Although we have this wonderful monopolized information age where digital information runs wild and free, i cannot help but feel a silent powerful force is negatively influencing the human race in a desperate bid to keep us under controll. The only hope for the common man to be free of this financial and intellectual tyranny is a revolution sparked by abundance of cheap clean energy that only the polywell can hope to produce. After 86 years we may be finally getting our shit together.
Purity is Power
Re: The people and their contributions
Simply amazing. That kind of person is rare: how many Robert W. Bussards are there running around? And then, during the 40's there were all these smart, largely self-taught men working together, all at the same time.Keegan wrote:It just strikes me as such an amazing photo, alot of those faces have contributed to the polywell and the future in ways they couldn't have imagined. It makes me wonder what that group of people could have accomplished if they knew what we knew today about nuclear fusion.
Although we have this wonderful monopolized information age where digital information runs wild and free, i cannot help but feel a silent powerful force is negatively influencing the human race in a desperate bid to keep us under controll. The only hope for the common man to be free of this financial and intellectual tyranny is a revolution sparked by abundance of cheap clean energy that only the polywell can hope to produce. After 86 years we may be finally getting our shit together.
I think we at least owe it to their memories (and Dr. Bussard's!) to get a polywell to continuously generate net power. They wouldn't have given up. I'm not really trained or equipped for it, but I am watching from the sidelines, doing what I can while I wait for a chance to really contribute.
Me too: I feel a silent powerful force is negatively influencing the human race in a desperate bid to keep us under control. I couldn't have said it better. I see people in the world falling into one of two belief systems: feudalism/despotism (rise to wealth and power by enslaving humans beneath you) or democracy (which I can't sum up in a sound bite like this).
The track record for despotism led to ruin way back before the first stable societies and organized governments. Feudalism lost the race during the colonization era of the world during the 1700's. But a democratic world society, and I think the world has this today, can fall easily to a tyrant. Greece. Rome. Germany. Iran. Maybe the U.S.

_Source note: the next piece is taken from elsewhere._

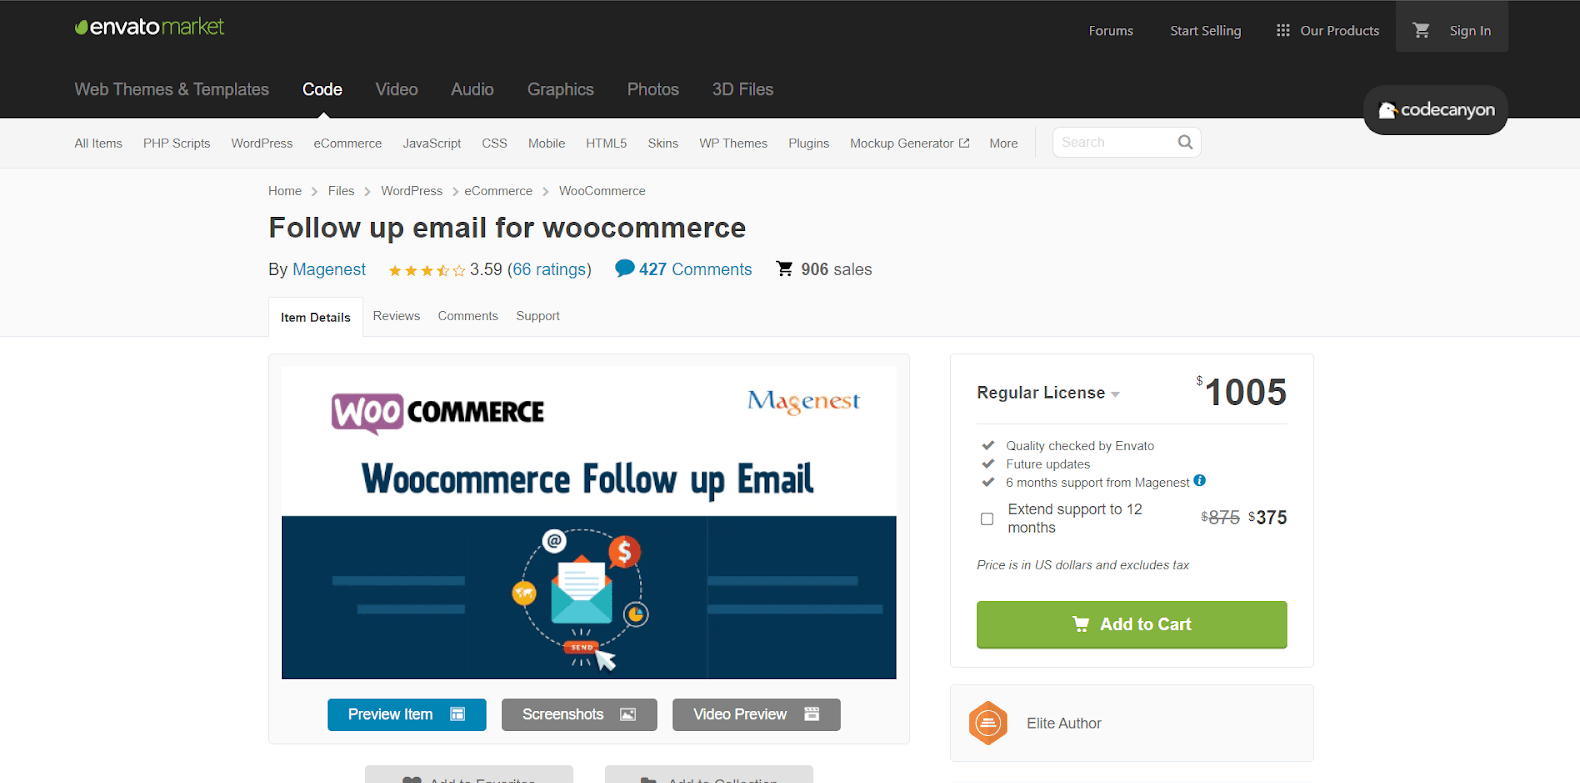 Follow Up Email for WooCommerce
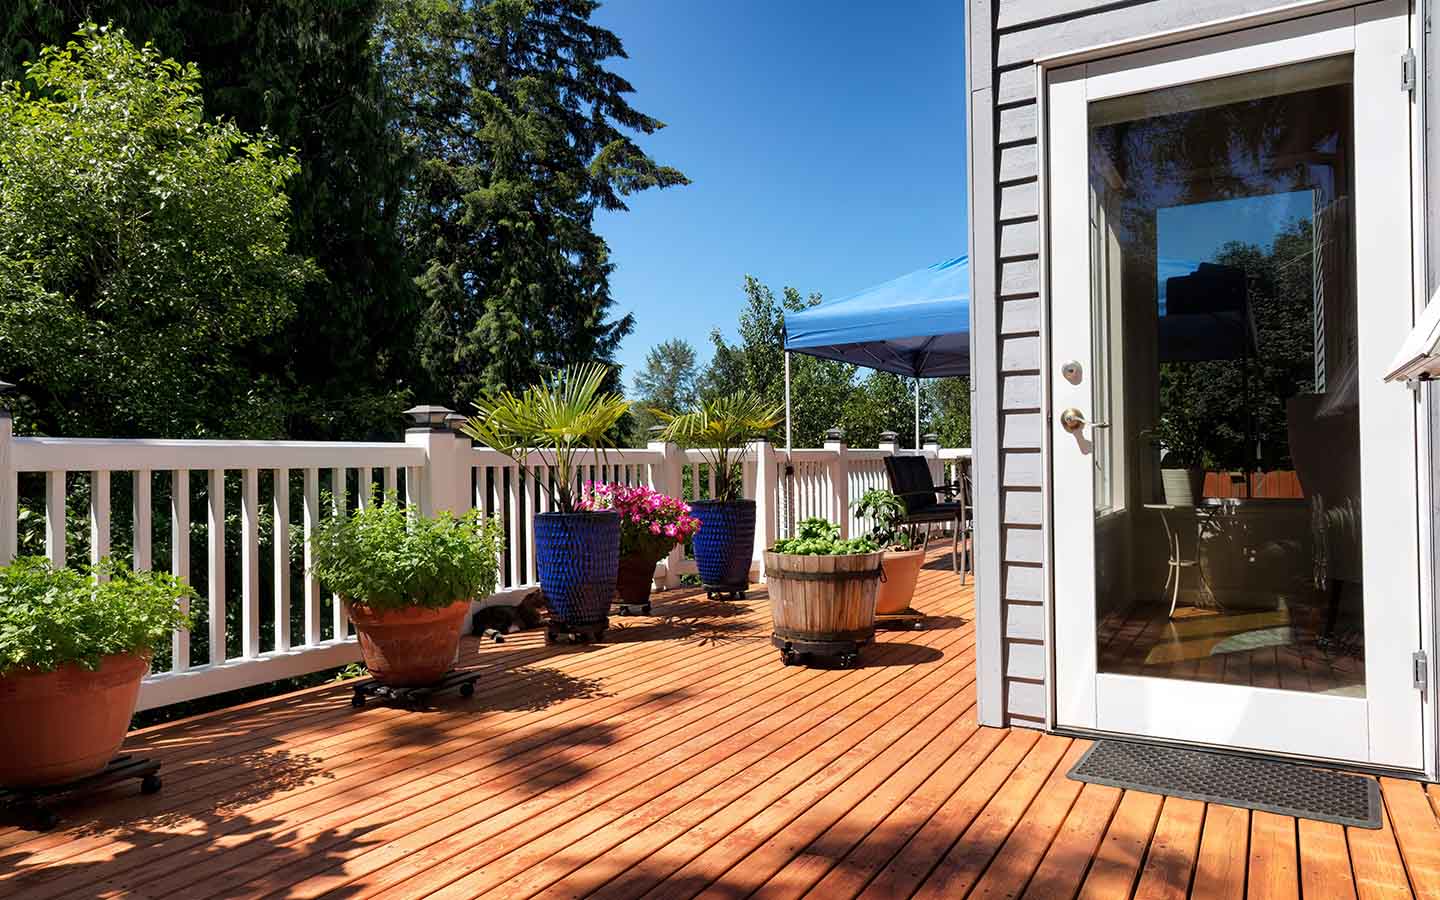 let’s go through the difference between difference between deck vs patio

Two steps forward. One step back. Humans can be brilliant beyond anything one day, and utterly stupid the next. Sometimes we're lucky and the Einsteins of the world flee Germany in time.
With IEC polywell fusion, we can directly generate limitless electrical power. Electricity isn't a very good weapon. It's mainly useful to civilize countries. (Electrolyze seawater. Lighting. Communications. Electric motors for manufacturing and transportation and agriculture. The internet.) Oil and explosives are much more "military" sources of power than electricity.
Hopefully, technology will naturally lead the human race away from all the killing and war will become obsolete. Democracy is my favorite "technological advance" in this regard: in a democracy that really works, killing someone (anyone, from the prime minister to joe on the street) nets the killer nothing except a lot of angry people who then work all the harder to build democracy.
It is official US policy to end tyranny in our time.